- Kaltukatjara (Docker River)
- Coordinates: 24°52′27″S 129°05′01″E﻿ / ﻿24.87417°S 129.08361°E
- Population: 355 (2006 census)
- Established: 1968
- Postcode(s): 0872
- Location: 1,390 km (864 mi) S of Darwin ; 495 km (308 mi) by air southwest of Alice Springs ; 670 km (416 mi) by road southwest of Alice Springs ; 7 km (4 mi) east of Western Australian border ;
- LGA(s): MacDonnell Region
- Territory electorate(s): Namatjira
- Federal division(s): Lingiari
| Mean max temp | Mean min temp | Annual rainfall |
| 37.2 °C 99 °F | 6.8 °C 44 °F | 284.2 mm 11.2 in |

= Kaltukatjara =

Community in the Northern Territory, Australia

Kaltukatjara, also known as Docker River, is a remote Indigenous Australian community in the Northern Territory of Australia. It is southwest of Alice Springs, west of the Stuart Highway, near the Western Australia and Northern Territory border. The township is on a wadi called the Docker Creek on the north side of the west end of the Petermann Ranges in the southwest corner of the Northern Territory of Australia.

At the 2006 census, Kaltukatjara had a population of 355.

==History==

A permanent settlement at "Docker River" was established in 1968 to relieve pressure on the Warburton settlement and provide an opportunity for Aboriginal people to live closer to their homelands.

PY Media states that Kaltukatjara acquired its European name "Docker River" from explorer Ernest Giles, as well as other history, as follows:

The site that is now Kaltukatjara was originally named Docker River by Ernest Giles during his expedition of 1872.

Pastors Duguid and Strehlow surveyed the area in the 1930s with a view to establishing a settlement for the people in the area. It was decided not to proceed with this at that time. During the 30s and 40s Luther(a)n missionaries told the Pitjantjatjara people of the Kaltukatjara area to go to Areyonga (then an outstation of Hermannsburg mission) where they would be supplied with food and clothing. Although many Anangu moved in of their own free will, some stayed in the Petermanns.
In the 1960s Areyonga Anangu strongly desired to move back to the area around Docker River and with government assistance a permanent settlement was established there in 1967-8. Over 300 Anangu moved to establish the new settlement.
By the proclamation of the Aboriginal Lands Rights (N.T.) Act, 1976, Anangu in the region gained freehold title to these traditional lands an area of 44,970 square kilometres.

The settlement was funded as an outstation during the 1980s.

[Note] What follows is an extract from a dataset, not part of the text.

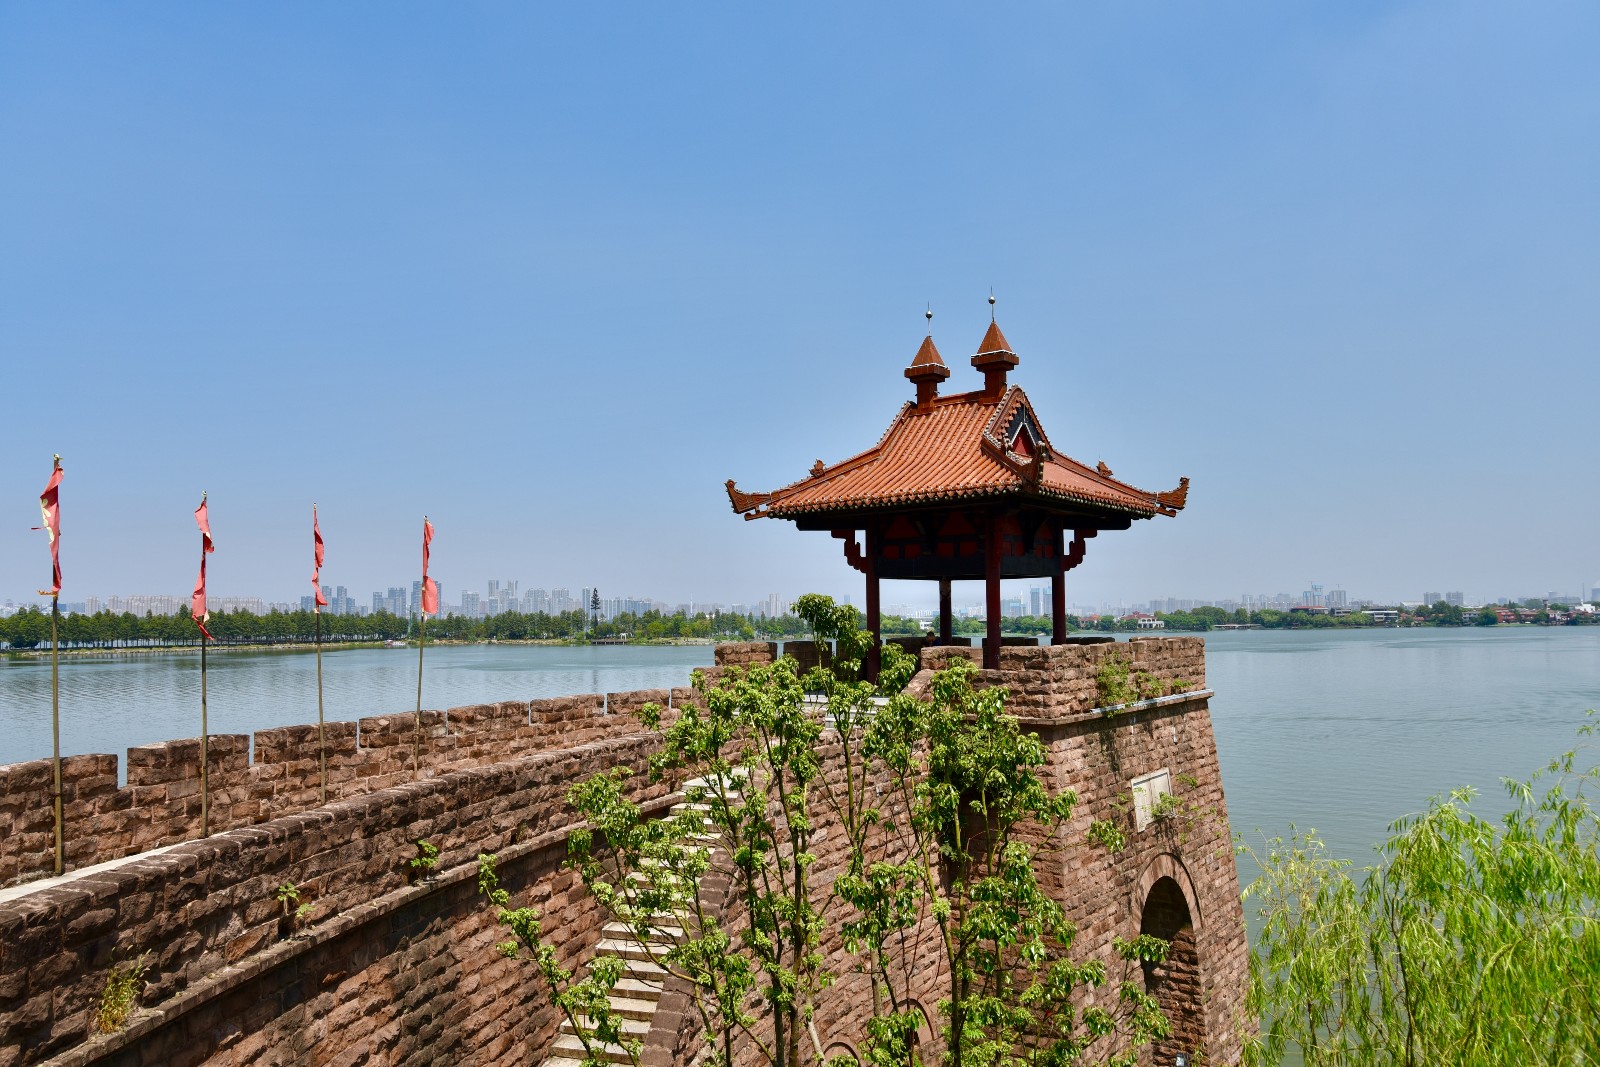 【携程攻略】武汉东湖磨山景区景点,讲述楚文化历史的一个风景区，分楚城、楚市、楚才园等多个小景区。门…

In 2009, feral camels had become a major problem for local residents. Around 6,000 animals entered the town searching for water. Preparations for an emergency cull of using a sharpshooter were underway.

==Geography==
Kaltukatjara lies on the Tjukaruru Road which becomes the Great Central Road when it crosses into Western Australia 7 kilometres to the west.

==Climate==
Based upon the climate records of the nearest weather station at Giles across the border to the west in Western Australia, Kaltukatjara experiences summer maximum temperatures of an average of 37.2 degrees Celsius in January and a winter maximum average temperature of 19.9 degrees Celsius in July. Overnight lows range from a mean minimum temperature of 23.5 degrees in January to 6.8 degrees in June.

Annual rainfall averages 284.2 millimetres.

==Demographics==

The 2001 ABS Census recorded that there were 297 people living in the community, an increase of 20 on the 277 people disclosed in the 1997 Census.

The people speak Pitjantjatjara and Ngaatjatjarra, and largely identify as Anangu.

The 2001 Census revealed that Kaltukatjara was second only to its northern neighbour Kintore in the having the highest proportion of its population engaged in health and community services (26.3%).

==Governance==
Before 2008-07-01, Kaltukatjara was served by the Kaltukatjara Community Council, composed of twelve residents who are elected annually. The Council served as the local government and qualified as a "local government area". On 2008-07-01, it became part of the MacDonnell Region.

==Facilities==
Water for the Kaltukatjara supply system is obtained from three bores, one located near the ground tanks and one approximately 1.5 km west of the community. There are 3 ground tanks and 1 raised tank in the community. Water quality is of a high standard with chlorine needed only on rare occasions.

Kaltukatjara has a sewerage system and some houses are fitted with their own septic tanks.

Electricity is provided by three diesel power generators.

Roads within the township are sealed, but the Petermann Road (the main road to the community) is unsealed.

As of 2022 Kaltukatjara has an airstrip, general store (with petrol supplies), Tjarlirli Art centre and gallery, recreation hall, aged care facility, health centre, school, two public telephones, an Australian Rules football oval and basketball court. By 2017 the airstrip had been paved, along with the access road from town.

There is a Lutheran church with a resident pastor, overseen by the Lutheran Church's Finke River Mission board.